Неопределенность в ответах на такие вопросы означает, что общество в аномии. Попросту не сформировалось общее представление о том, что существует несомненно, и поэтому, в частности, отсутствуют те ценности и правила, которые образуют и сохраняют социальный порядок. Вернуть его к норме – задача политиков, а не социологов. Но для этого они должны думать в тех категориях, в каких мы сами себя описываем. Но и мы сами не можем описать себя внятно в каких-либо точных параметрах.
Любого человека за границей спроси, к какой группе он относится, и ответ будет однозначным. Там без понимания своей принадлежности ты никто. Точнее, ты не адекватен и подозрителен.
У нас же из этого произрастают некие массовые странности. Это выражается, например, в том, что официальные выкладки в связи с кризисом, санкциями почему-то устойчиво не сходятся с реальностью.
По официальной статистике, например, в связи с кризисными явлениями потребление снизилось весьма ощутимо. Но какой бы срез мы ни брали, московский или региональный, везде выходит, что реальное потребление ощутимо не уменьшилось. Общая его структура изменилась относительно мало, но ассортимент меняется, народ переходит из больших универмагов в маленькие магазинчики, но в целом в жизни радикальных изменений нет. А цены меж тем растут.
Хочется грубо спросить: граждане, откуда «бабки»?

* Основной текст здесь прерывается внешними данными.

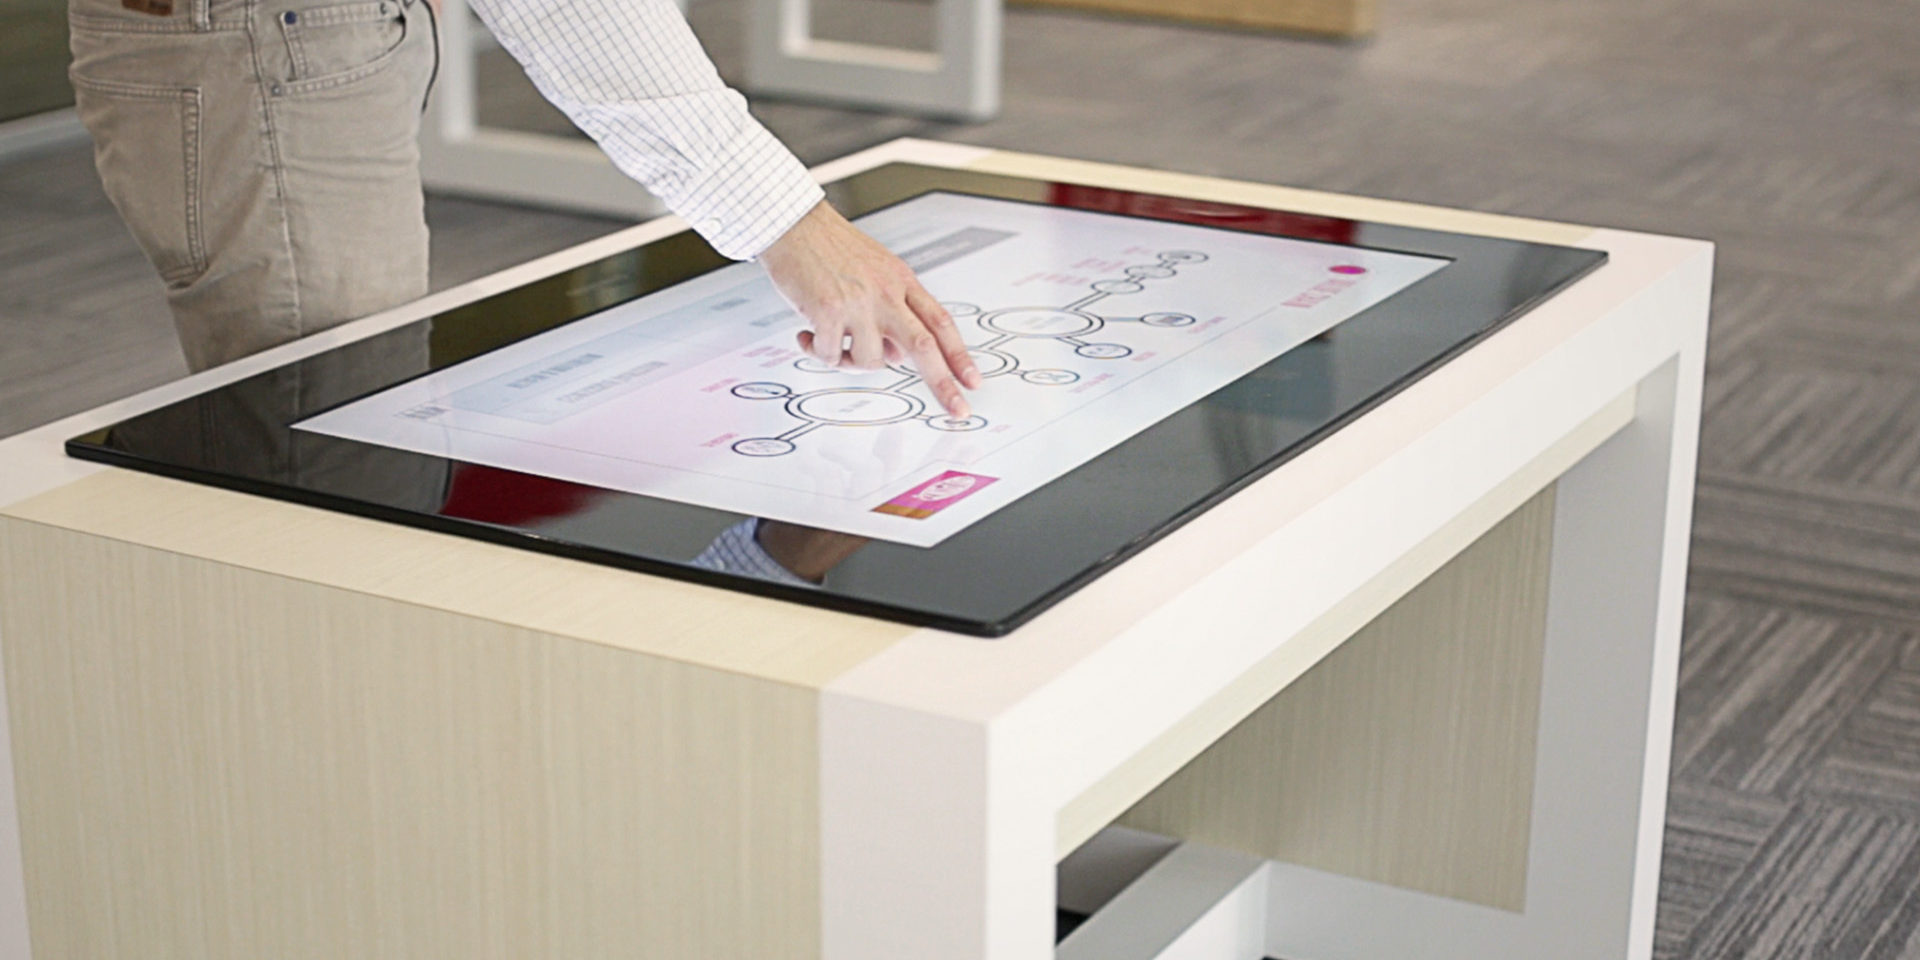 Johnston Innovation Center Tabletop Touchscreen Interactive

Беспартийный райком в действии
В одной поездке мы взялись это выяснить. И только через несколько дней в случайном разговоре вылезло, что четыре района (два в Волгоградской и два – в Воронежской области) объединены в единые распределенные мануфактуры.
То есть кто-то выращивает овец и коз, кто-то их вычесывает, а кто-то обрабатывает, шерсть отмывает, так что в дома она уже поступает отмытой, отбеленной, и там ее распушают и вяжут, в том числе дети, начиная с пяти лет.
Продукцию (пуховые изделия) реализуют на ярмарке. Ярмарка ночная, с 4 ночи до 10 утра, три дня в неделю, оптовики – цыгане. Они закупают и развозят пуховое вязание по всей стране.
Значит, кто-то обеспечивает им фактическую независимость от государства и определенный образ жизни.
Мы идем со студентами в здание районного начальства. Глава администрации района сообщает, что здесь раньше был райком партии.
Спрашиваю: «А сейчас можете назвать людей, которые фактически являются членами бюро?» В ответ он начинает загибать пальцы.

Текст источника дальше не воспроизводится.